The committee, which has just published a report on Finance Bill, claims the GAAR “is so narrow it will not apply to current issues of public concern about the international tax planning techniques relating to tax paid by multinational companies which limit the amount paid in the UK”.
With a week to go before this year"s budget, it stressed that such issues can only be dealt with at EU, OECD, G8 and G20 level and called for an acceleration of the review of OECD taxation rules.
The former Conservative Cabinet member and Chief Secretary to the Treasury, said: ‘There is a misconception that GAAR will mean the likes of Starbucks and Amazon will be slapped with massive tax bills.
‘This is wrong and the government need to explain that to the public. GAAR is narrowly defined and will only impact on the most abusive of tax avoidance. While this is the right approach for now it is important that the policy is reviewed in five years to ensure it has met its objectives.
‘It is also important that government continues to work with other countries on corporate tax issues especially as regards multinationals. We recommend that the review of OECD rules be accelerated.’
MacGregor’s comments echo those of top UK’s tax lawyer, Graham Aaronson, leader of the GAAR study group 2011.
In January, Aaronson told the House of Lords sub-committee hearing on the 2013 Finance Bill that plans to introduce a GAAR would not be able to eradicate multinational tax planning and avoidance.
But it would help clamp down on “certain individuals who have taken tax planning to such levels that they are playing fast and loose with the rules to the point where it is unacceptable... and abusive”.
‘Until we have the same tax system throughout the world, it’s inevitable that multinationals will locate their companies where it suits them best.’
While GAAR “cannot do anything about this", he said it may be able to make “some extra checks and balances".
‘Multinationals will locate ownership of their assets in certain jurisdictions to get favourable advantages on a global basis. It makes taxing multinationals very challenging. Even if every tax system in the world was the same, the problem is that it’s so easy to move activities and profits to different jurisdictions.’
At the same hearing, Malcolm Gammie QC, tax barrister and member of the IFS Tax Law Review Committee, said GAAR was “just one of the weapons that the Revenue deploys to deal with avoidance of one sort or another”.
He said that it had been “successful in stopping most artificial schemes under the Ramsay rules, for example, people who buy and sell guilt strips in less than 24 hours”, stressing that under the GAAR, “such a scheme will just not get off the ground”.

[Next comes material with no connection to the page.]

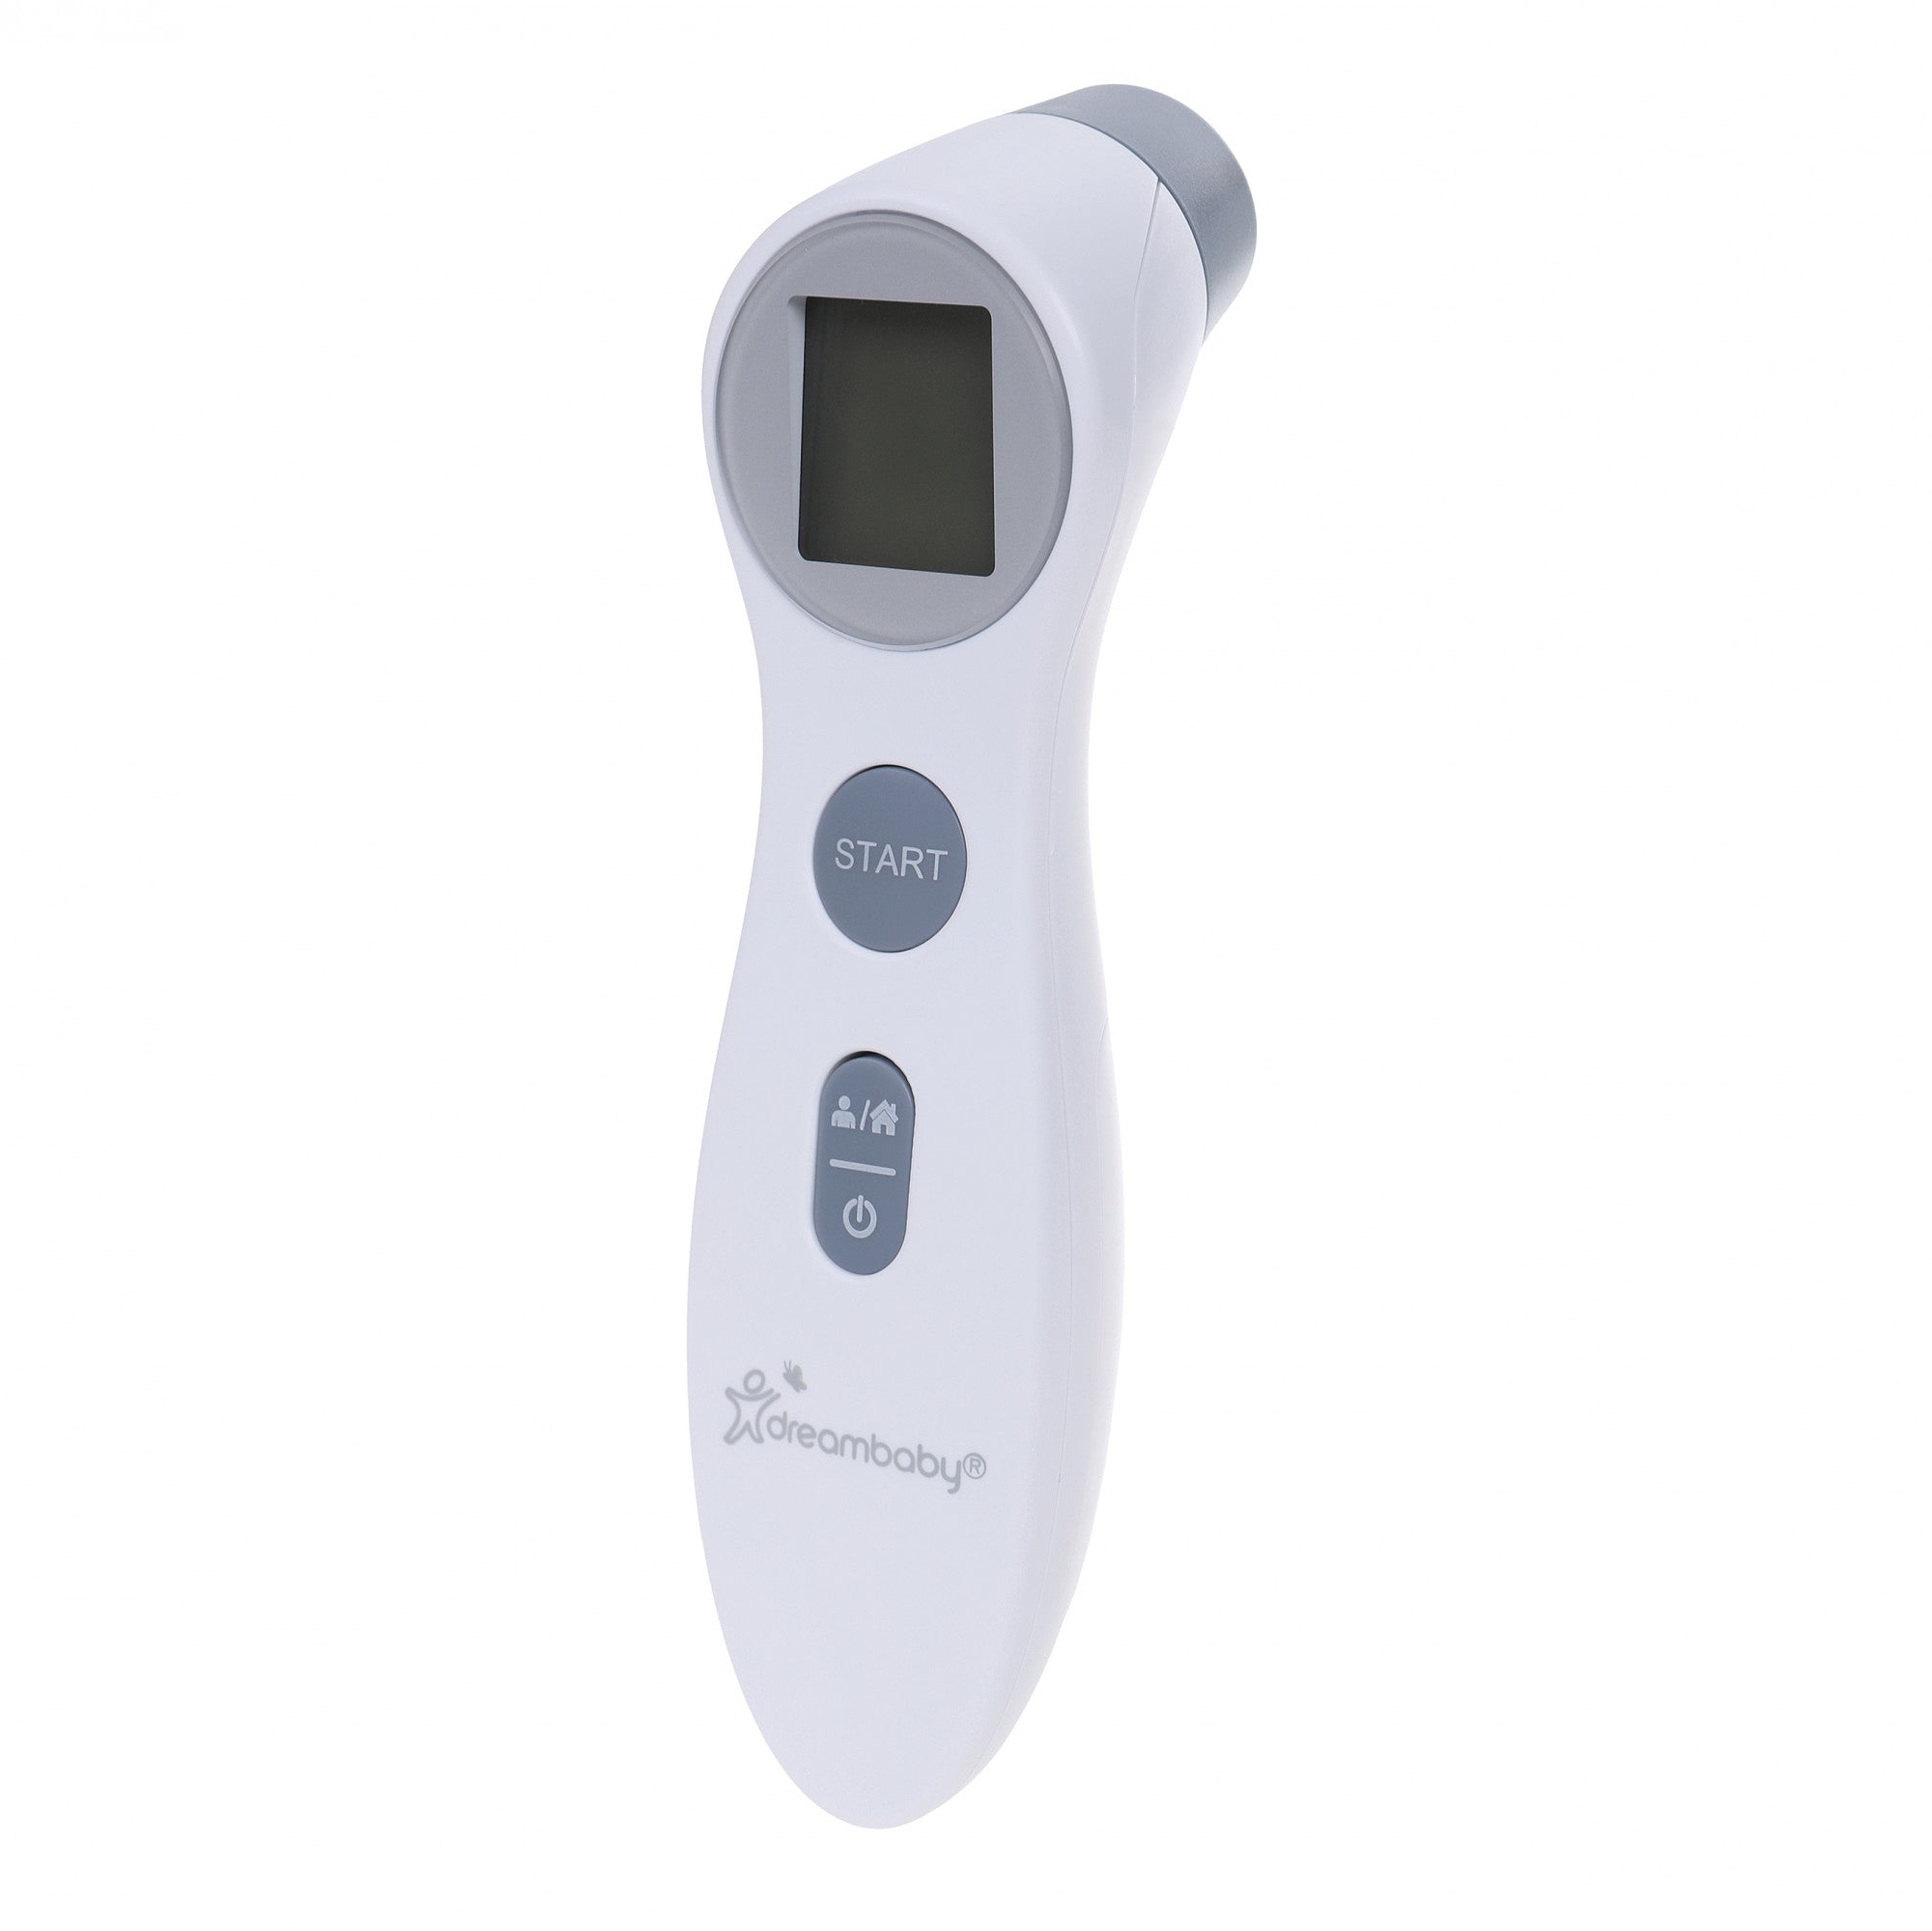 Dreambaby Non-Contact Fever Alert Infrared Forehead Thermometer

Sophie Dworetzsk, a partner specialising in private client planning at Withers, said: ‘The GAAR will certainly discourage the really abusive tax planning, although the vast majority of this is already caught by DOTAS, TAARs and the Ramsey doctrine. With time, the decisions of the panel may come to be a helpful body of recent decisions, and a guide for understanding exactly where the parameters of “abusive” lie.’

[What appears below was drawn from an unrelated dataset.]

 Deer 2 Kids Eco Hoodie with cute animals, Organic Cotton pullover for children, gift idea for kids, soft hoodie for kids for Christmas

The committee’s report also focused on the Annual Residency Property Tax Package (ARPT) and the government’s proposed limit on the use of certain income tax reliefs.
It said it had “concerns about the practical workability of ARPT” and is “not convinced that the issue justifies the length and complexity of the legislation proposed”. It recommends the government review it, three years after introduction.
On the cap on income tax relief, the committee believe that “the impact of genuine trading losses could have significant adverse effects on economic growth and recommend that the government reconsider this aspect”.